## Supplied information
□ □ □ □ □

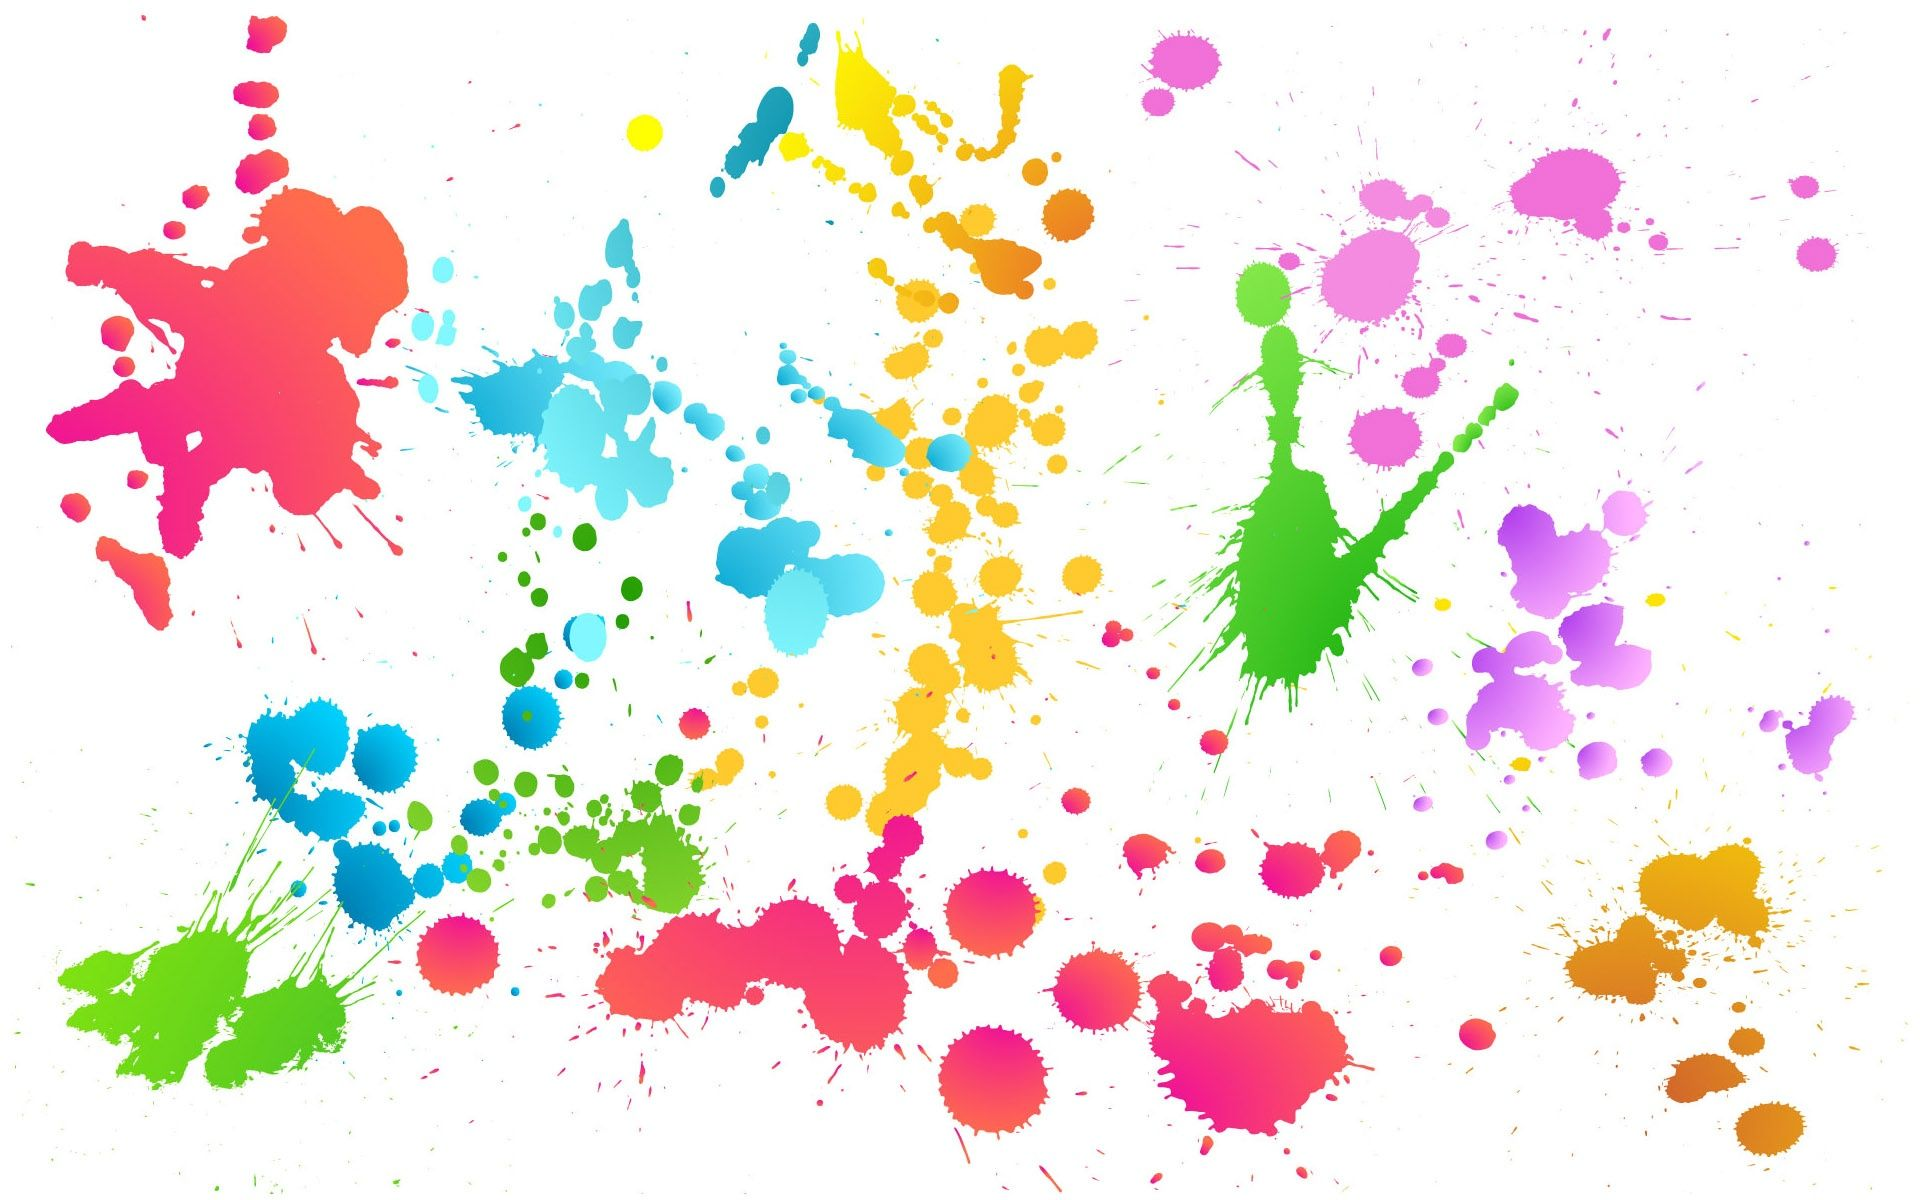 abstract-paint-splash-wallpapers-full-hd-wallpaper-white
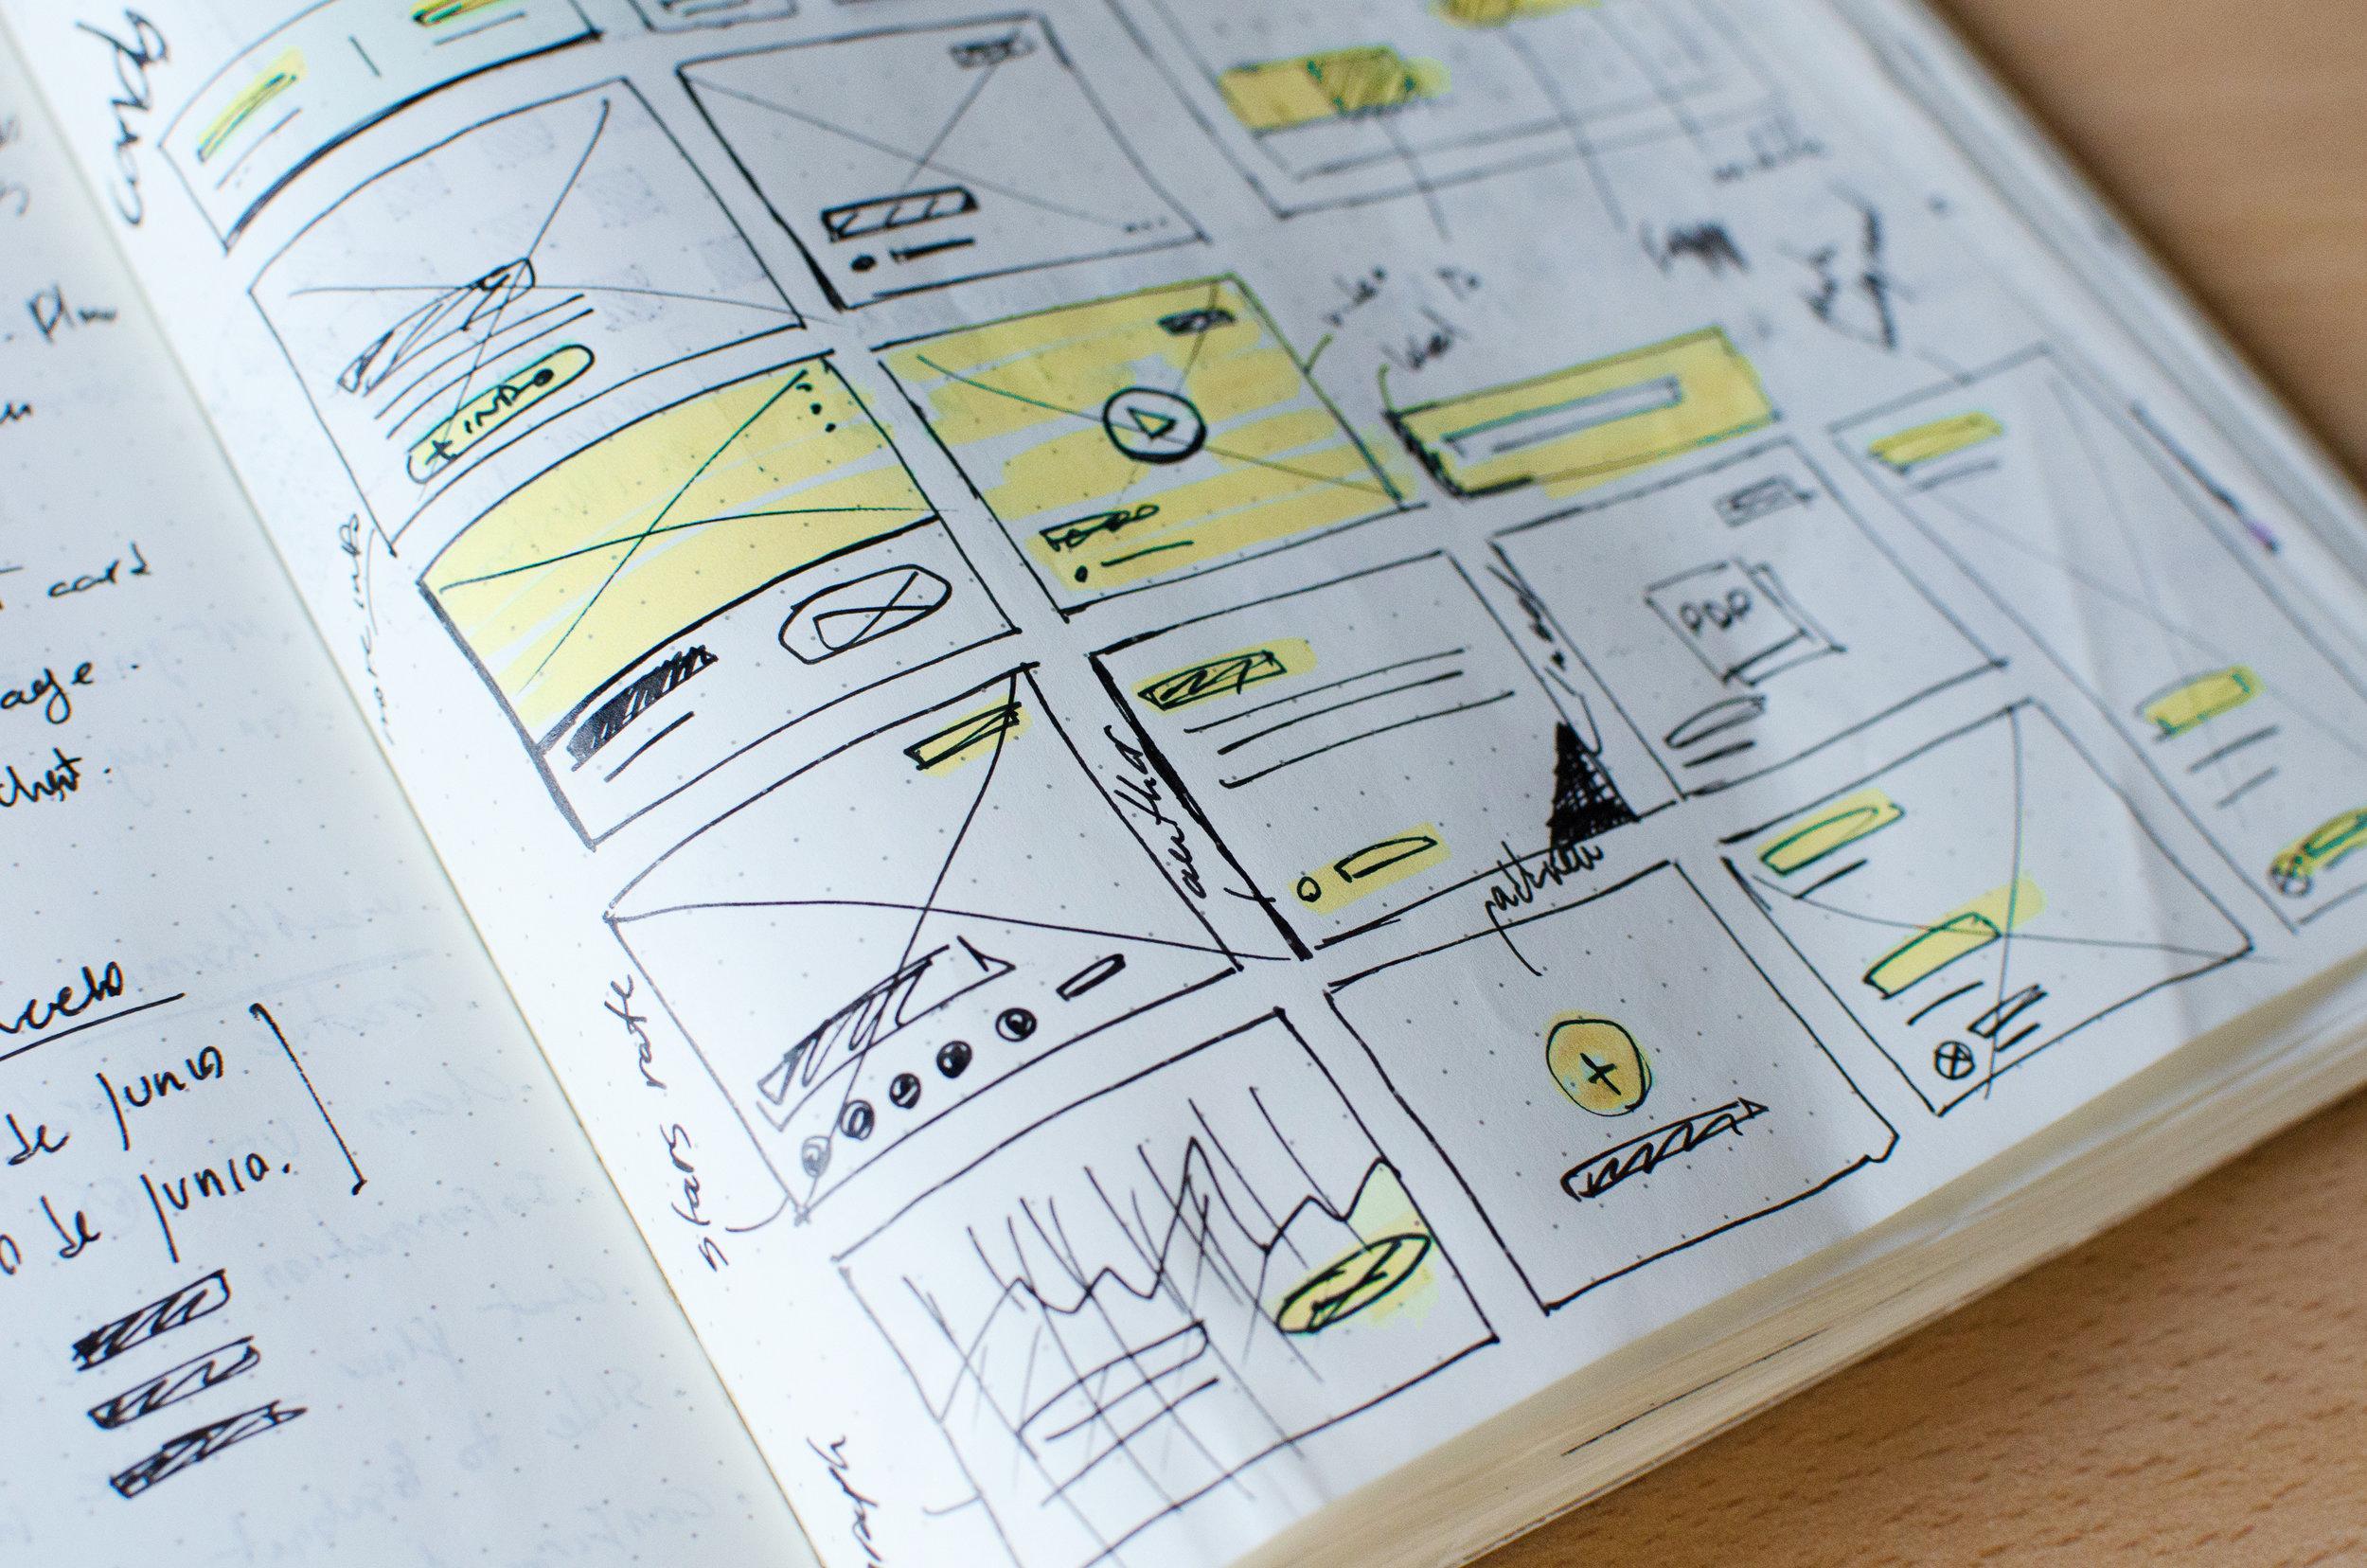 Wireframes  of website in notebook - ux
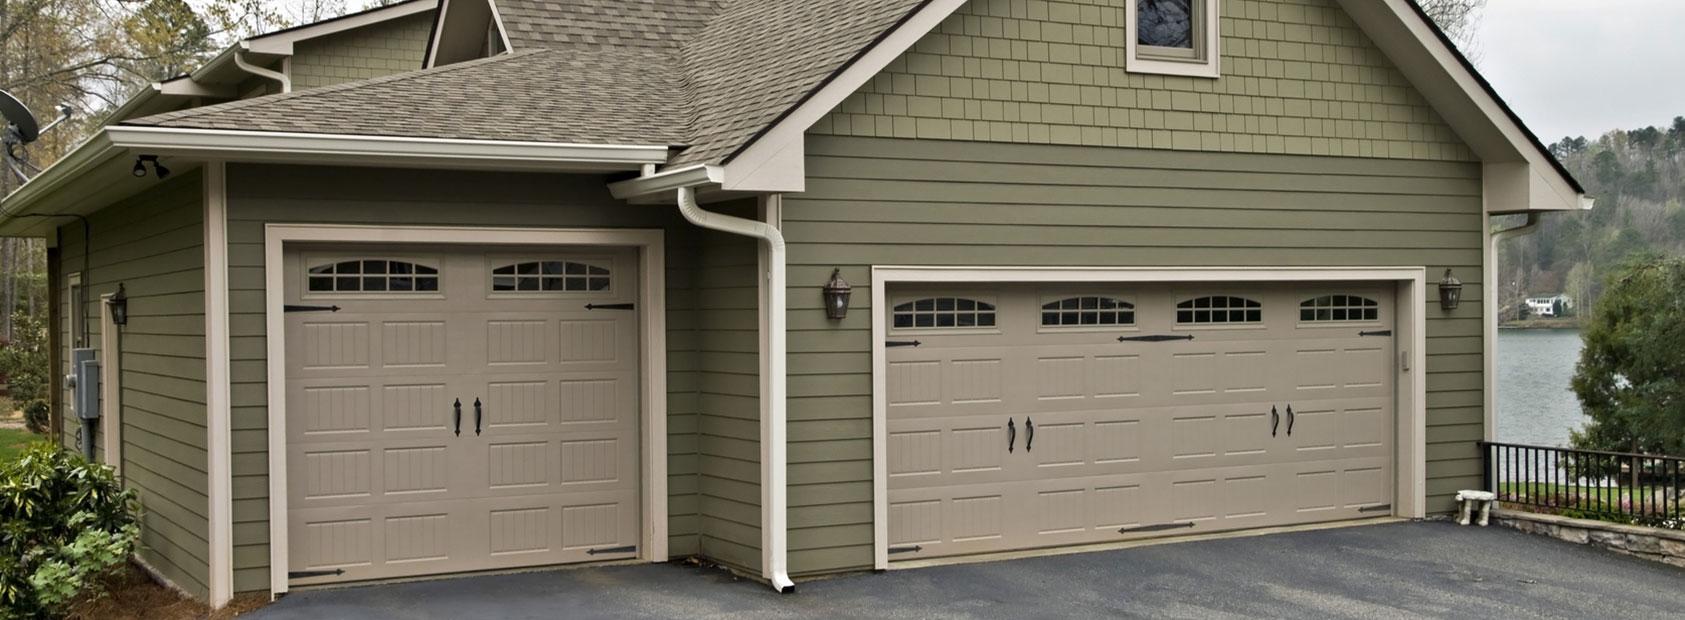 Garage construction choice windows doors rubansaba

□ □ □ □ □

## Problem to work on
Write out the data above in full and exactly, but without the pictures.

## Expected answer
 abstract-paint-splash-wallpapers-full-hd-wallpaper-white
 Wireframes  of website in notebook - ux
 Garage construction choice windows doors rubansaba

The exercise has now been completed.